A ‘much-needed correction’ in new multi-unit developments should be the push investors need to consider older apartment offerings, says one property adviser.
“Period- or older-style apartment performance was sluggish in 2016 across Melbourne, with activity, rental and capital growth rates measured relative to houses. There was a dampening effect caused by an excessive boom in the high-rise or multi-unit sector over recent years,” said Paul Nugent, director, Wakelin Property Advisory.
“But it is evident from ABS financing and building approval numbers that the much-needed correction in the multi-unit sector has begun, and prices and volumes of new supply in this category will continue to shrink over 2017. Consequently, there is a strong case to be made that period-style apartments are undervalued at the moment. Indeed, with investors looking for safer assets in 2017, we anticipate a rush-to-quality out of high rise and into older-style apartments and houses,” said Mr Nugent.
Mr Nugent said this correction doesn’t mean that investors should expect growth to slow in the property market, especially not in Melbourne.
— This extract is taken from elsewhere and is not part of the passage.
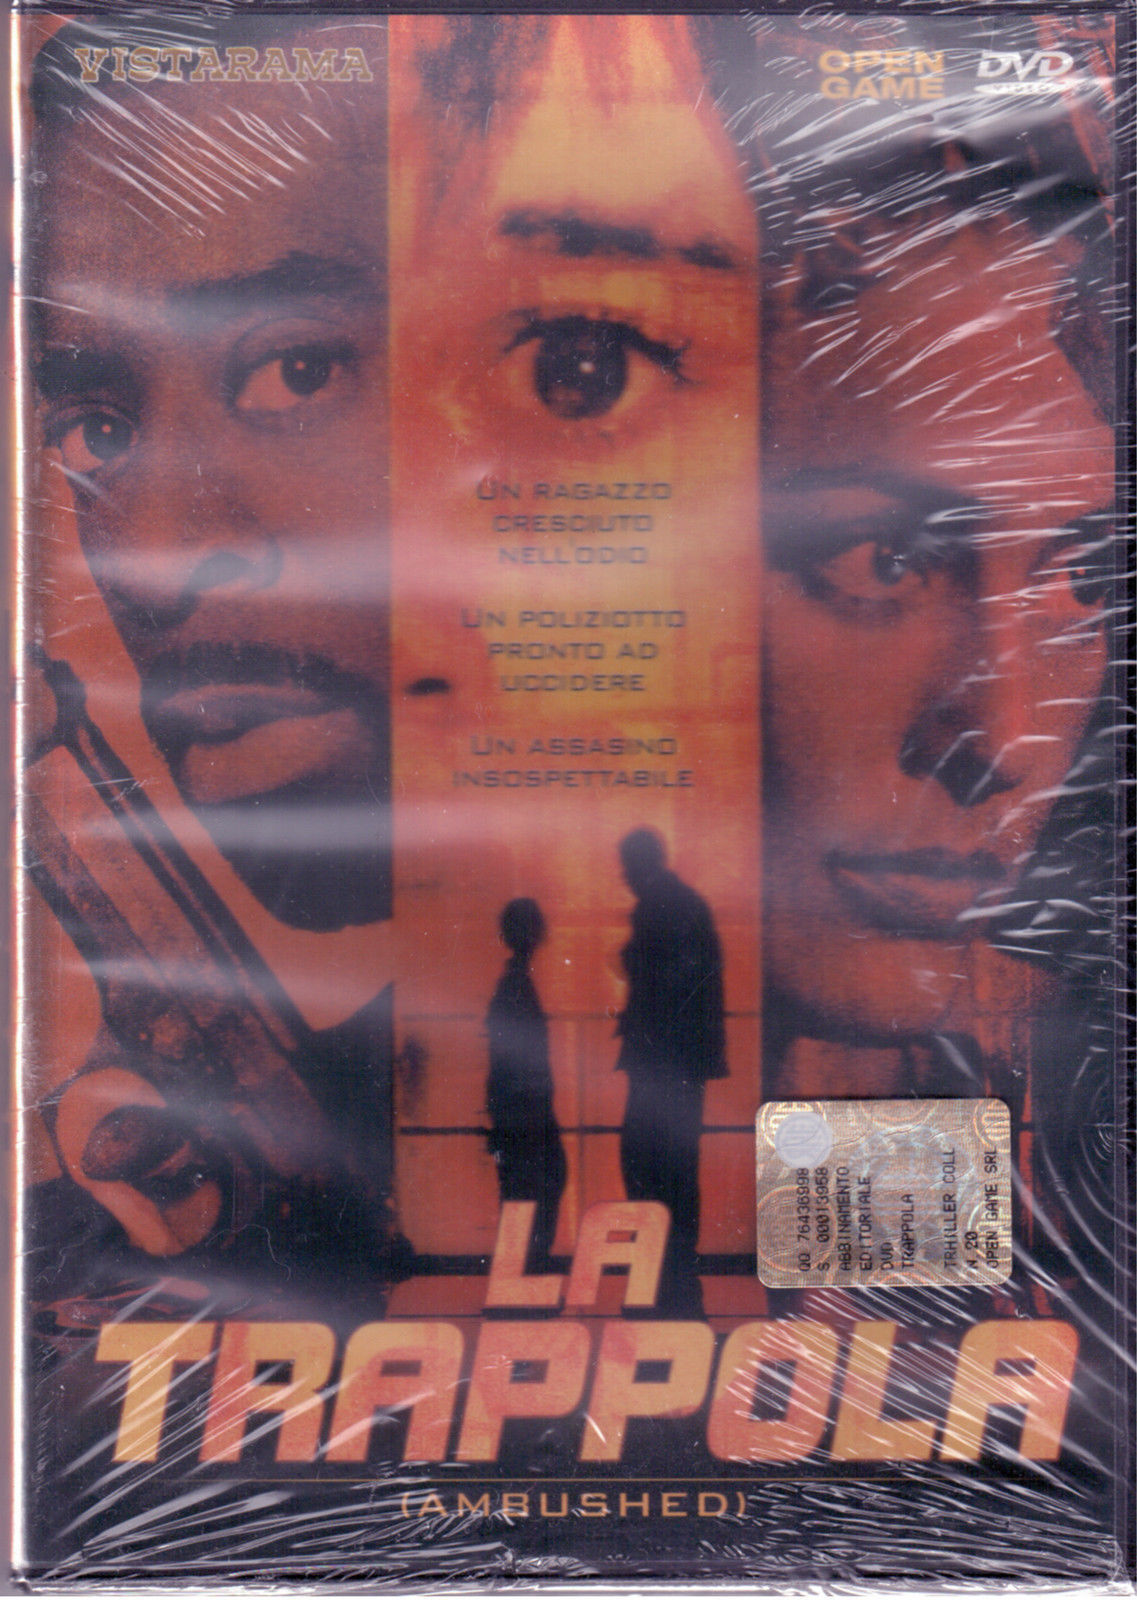 LA TRAPPOLA - Ernest Dickerson -VISTARAMA - 1998 - DVD - M dvd usato

“Underpinning this view is evidence of persistent buyer demand off the back of lower interest rates, and a shortage of stock on the market. This shortage of stock is essentially the result of four years of buoyant sales volumes exhausting the pool of discretionary vendors. Eventually, one would expect potential sellers to respond positively to the price growth signal out there, but it hasn’t happened yet, and it may not eventuate until sometime in mid-2017,” said Mr Nugent.
A steadily rising population, stable economy and low interest rates support the theory the property market won’t see a downturn in the near future, despite fears of oversupply.
“If you are a prospective buyer, don’t make the mistake of waiting to see what happens in February and March before jumping in. You may find that property prices are 5 per cent higher in April than they finished 2016,” said Mr Nugent.
Mr Nugent also doesn’t place much stock in the theory that overseas events, including the current Trump presidency, will affect the Australian market negatively.
“The Australian property market has been subject to numerous external shocks that were supposed to damage it – the GFC, the tech wreck, wars and international terrorist events – and didn’t,” he said.